Sunday, July 1, 2012

You're the Inspiration

My brother and I ate a classic little drive-in (mostly) restaurant in Bothell today, the same one my swim team friend and I used to go to and pig out before swim practice. It's hard to make good choices in that place.

But they played this song. Or rather played the radio station that played this song. That was a good choice.

 

Today I went to Nathan Hale High School to film a practice for the Palestinian soccer team. Made up of men ages 18-50 something from around Seattle and even some from Tacoma and Puyallup. They just pulled together and now have two weeks to train for the All Nations Cup.

They are all wonderful gentlemen. I interviewed about 8 players, and they came from Bethlehem, a village near Bethlehem, Nazareth, a village between Tulkaram and Jenin, Acre, and that's all I remember right now. I'm going back on Tuesday to film more. I'm not sure what kind of shape this story will take, but I'll collect as much footage as I can and see what comes of it. It was cool hearing some of the guys meeting each other for the first time, and understanding the Arabic! It kinda felt like home.
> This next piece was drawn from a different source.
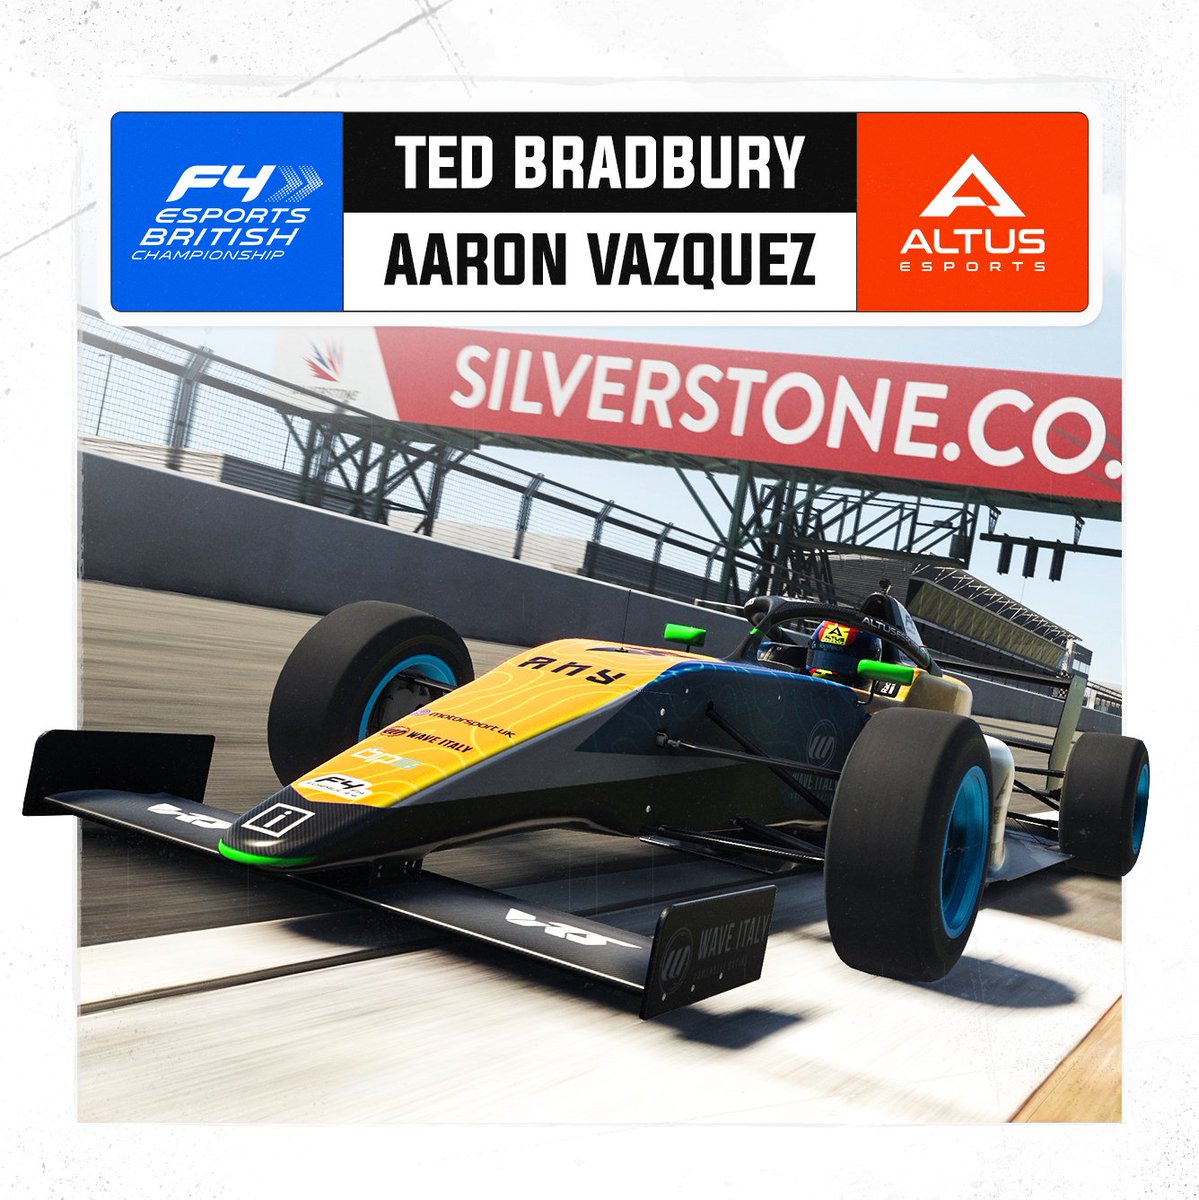 We're excited to announce our involvement in the @BritishF4 Esports Championship, run in conjunction with @MsptUK_Esports. Our Drivers include: 🇬🇧 #TedBradbury 🇪🇸 @AVL_44 Round 1 kicks off on September 27th! Let's go! #WeAreAltus @iRacing

On the way home I drove by the Lake Forest Park Anti-War demonstration, which I've seen several times before and maybe honked at a few times. This time I pulled a U-ey (how do you spell that?) and parked by them so I could ask the demonstrators some questions. I don't think I got a lot of useful footage for the I/P solidarity film, unless I talk about Seattle activism in general and use some pan shots. Anyways, it was cool to hang out with those folks for a while. There was a peace pole that read "May Peace Remain on Earth" in four languages including Arabic.